● **ASSIGNMENT**: Restate word for word the entries below, starting at the line with "150 cm, 2020" and ending at the line with "Calaméo - 1978-2003". Keep both end lines and omit the pictures.

(PROVIDED RECORDS Opens)

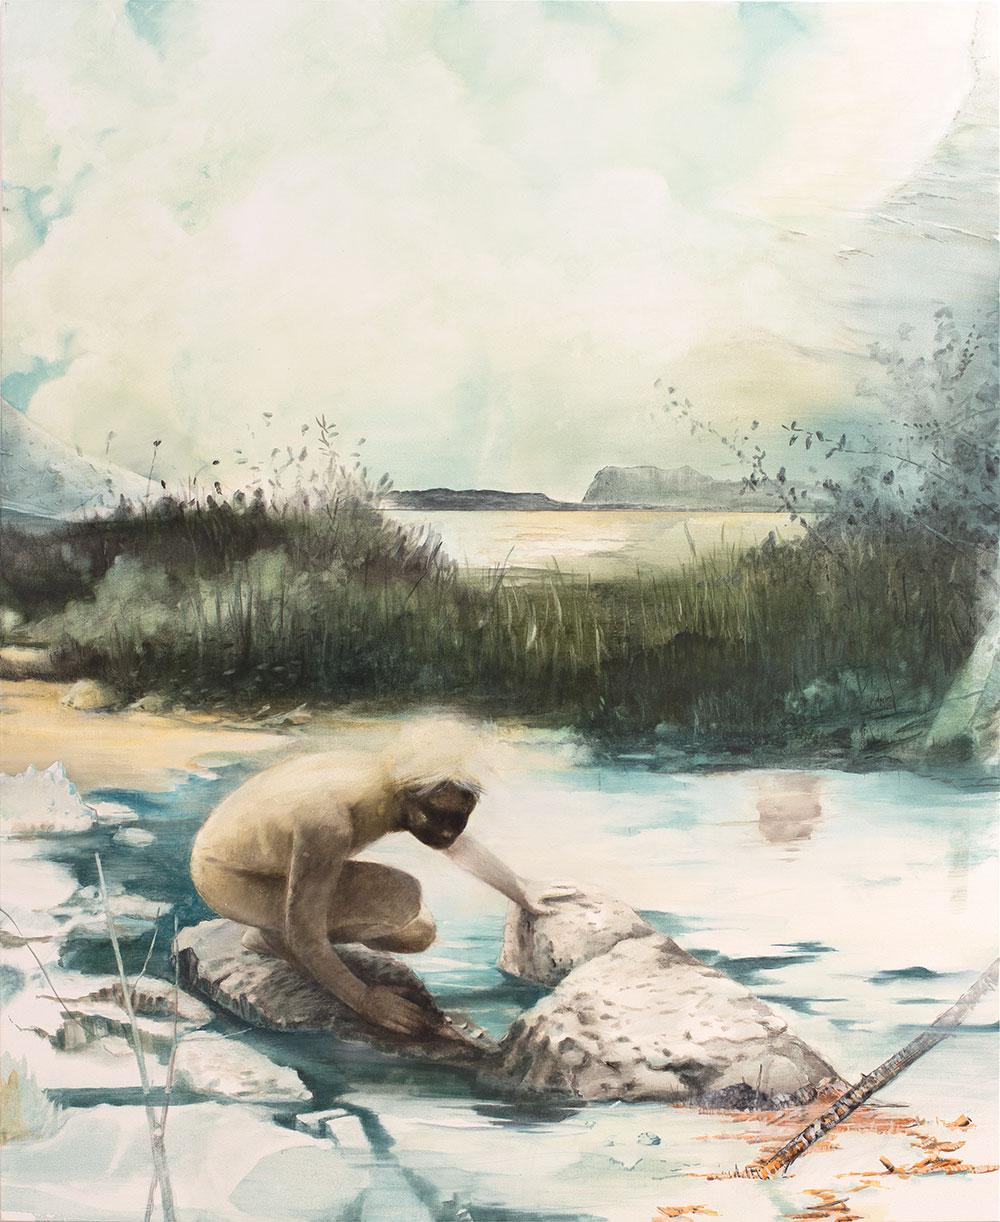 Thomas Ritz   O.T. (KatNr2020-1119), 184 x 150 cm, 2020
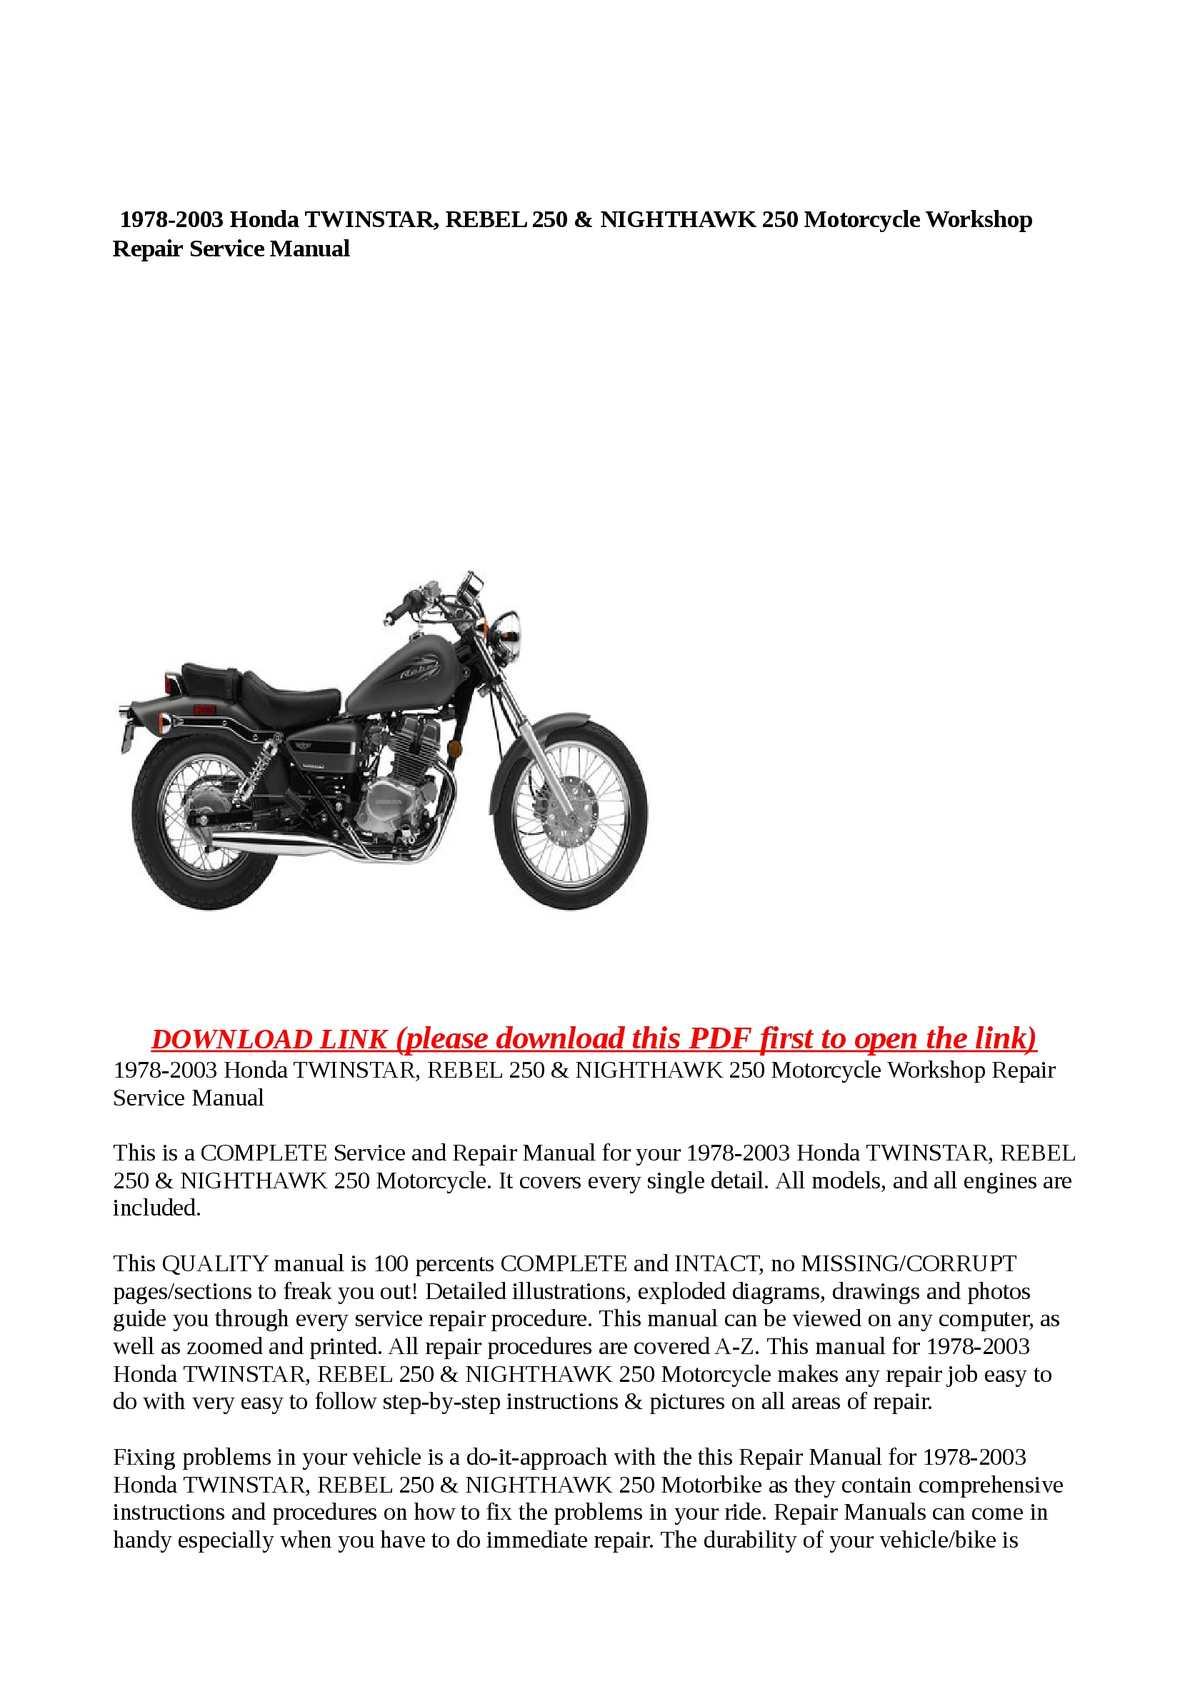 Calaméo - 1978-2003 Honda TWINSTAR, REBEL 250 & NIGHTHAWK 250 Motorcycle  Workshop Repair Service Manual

(PROVIDED RECORDS Closes)
(PROVIDED RECORDS Opens)

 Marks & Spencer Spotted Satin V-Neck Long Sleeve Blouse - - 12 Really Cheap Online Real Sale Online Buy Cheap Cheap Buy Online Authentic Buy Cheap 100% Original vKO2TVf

(PROVIDED RECORDS Closes)

● **FINISHED TASK**:
 Thomas Ritz   O.T. (KatNr2020-1119), 184 x 150 cm, 2020
 Calaméo - 1978-2003 Honda TWINSTAR, REBEL 250 & NIGHTHAWK 250 Motorcycle  Workshop Repair Service Manual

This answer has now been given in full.